March 13, 2024
More than 1,000 major financial deals struck during 2023 had some sports technology element, according to research from investment bank Drake Star Partners, generating more than US$37 billion in value.
The quarterly study also takes into account deals which include technology elements or are sports technology adjacent.
For example, the US$27 billion figure it recorded in mergers and acquisitions (M&A) includes Endeavor’s US$9.3 billion takeover of WWE. However, Drake Star says its findings offer a snapshot of an industry in rude health that is outperforming other sectors.

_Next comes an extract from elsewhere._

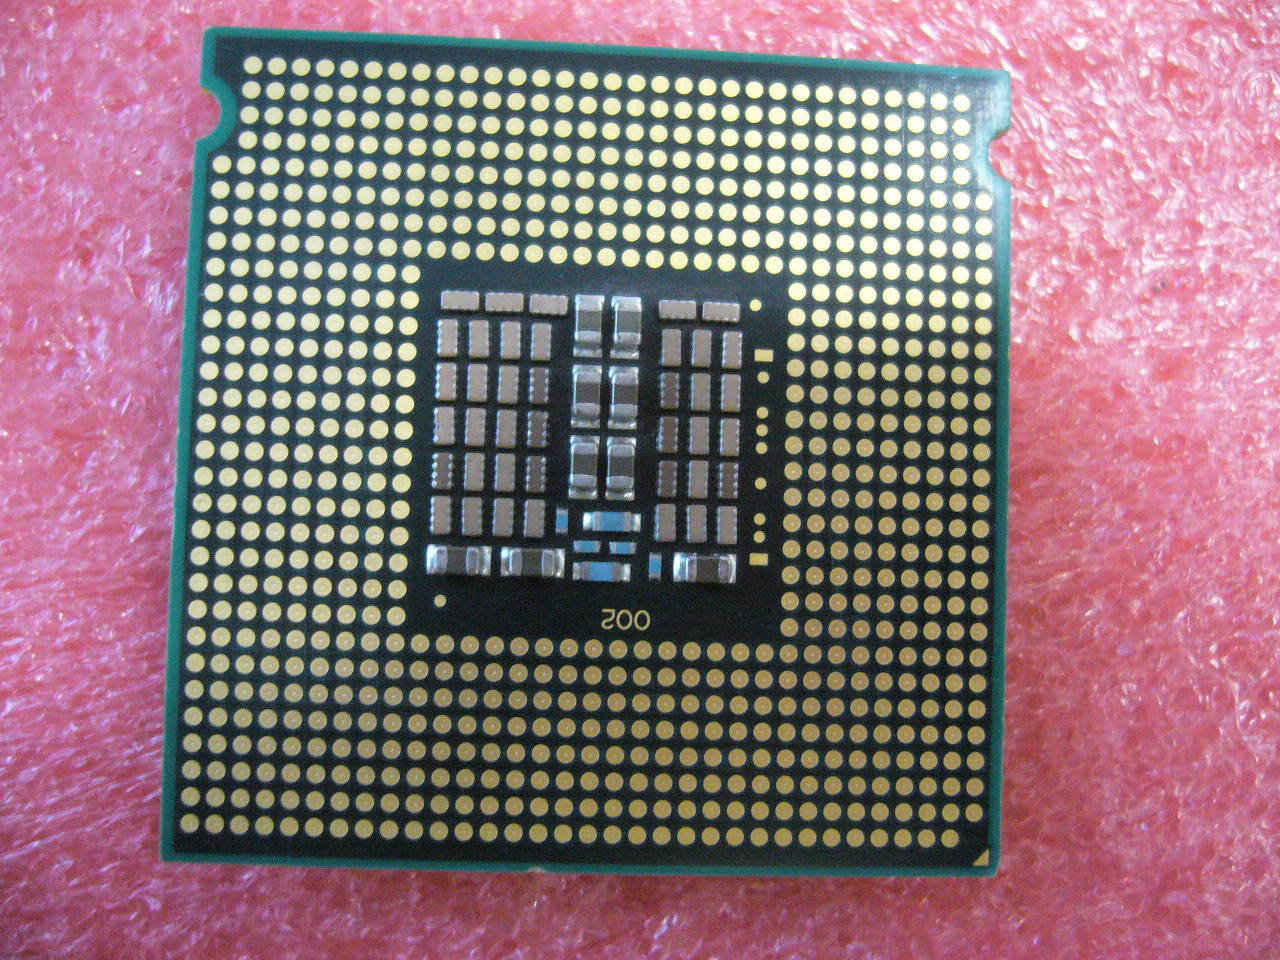 QTY 1x Intel Xeon CPU Quad Core L5408 2.13Ghz/12MB/1066Mhz LGA771 SLBBT TDP 40W - Click Image to Close
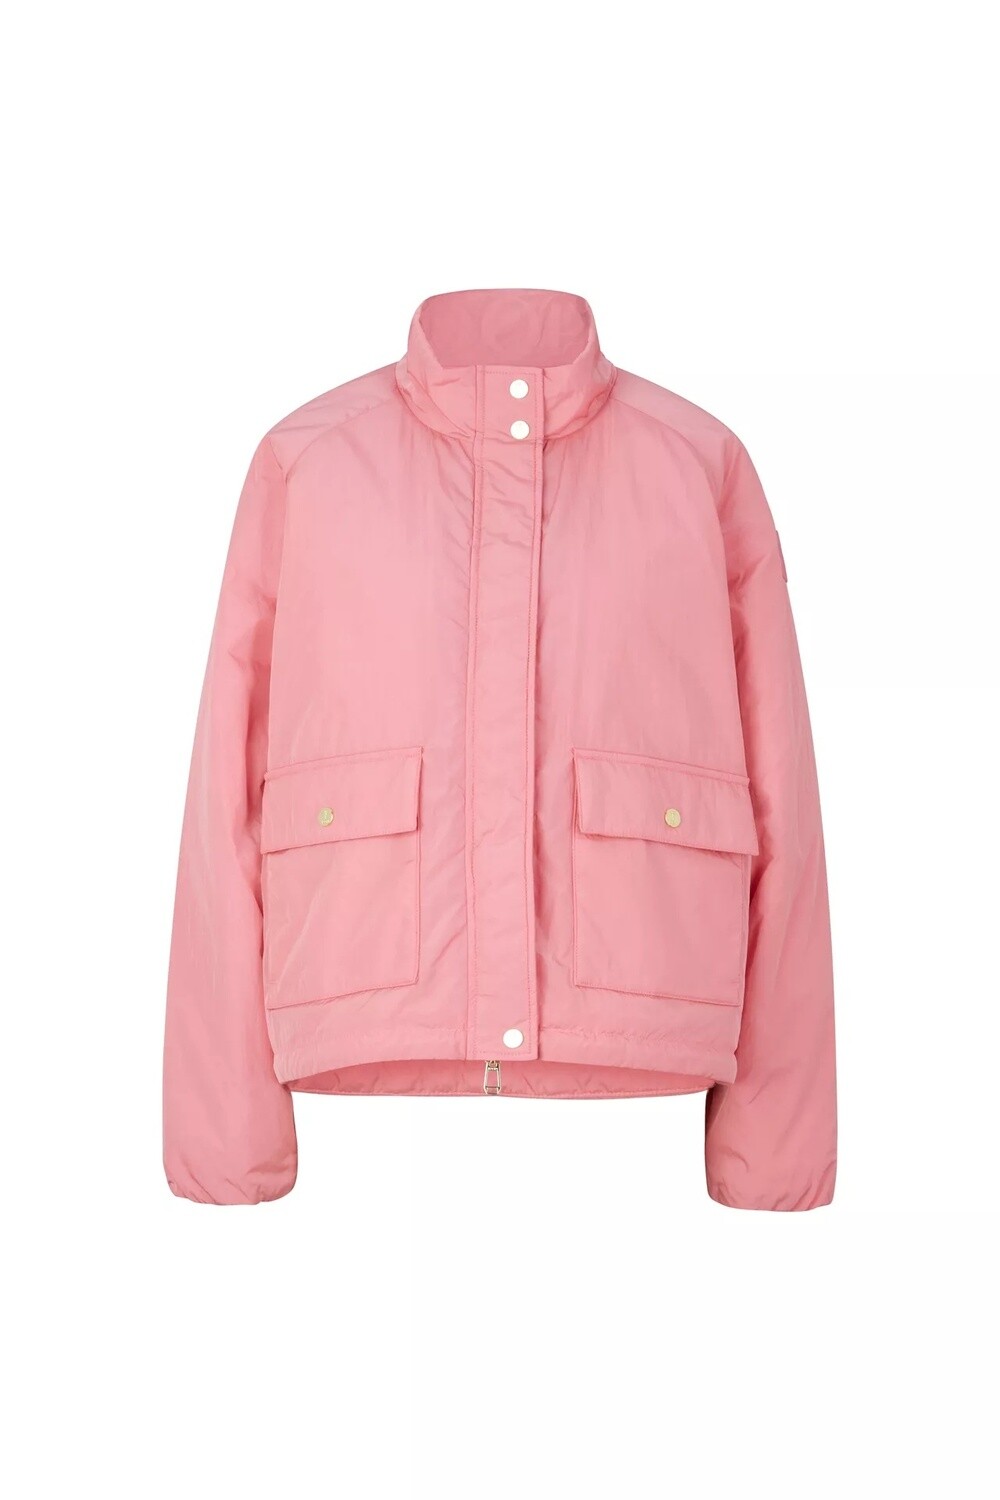 Joop Padded Jacket Bright Pink

Indeed, the headline figure of US$37 billion recorded over the 12-month period is significantly more than the US$21 billion witnessed in 2022. The amount was boosted by several Q4 deals, including Better Collective’s US$188 million takeover of digital sports media platform Playmaker Capital, as well as major funding rounds from the likes of Urban Sports Club (US$100 million) and Strikerz Inc (US$40 million).
Investments in early-stage companies continue to account for the majority of private deals (625 of 796), with wearable tech specialists generating the most value (39 per cent of US$5.7 billion). The largest funding round of the year, however, was Chinese esports company VSPO, which raised US$265 million in February last year.
After a challenging few years for the wider technology industry, and startups especially, Drake Star believes the conditions are ripe for sports tech investments to continue to thrive. It noted that US$7 billion had been raised by funds with an interest in the sector, which could boost private financings, as well as several major transactions either completed or in the works.
These include DraftKings’ US$750 million takeover of Jackpocket, Charterhouse’s US$315 million acquisition of Bruin Capital’s majority stake in Two Circles, and the planned merger between Reliance Industries and Disney’s broadcast properties in India.
Drake Star also believes investments in mid and late-stage companies will grow in 2024 amid more realistic valuations, with artificial intelligence (AI), ticketing and venue management considered to be strong areas of activity.
Drake Star also noted a more positive outlook for initial public offerings (IPO) and speculates several IPO-ready sports technology firms were looking to go public once again now there is a more favourable investment climate.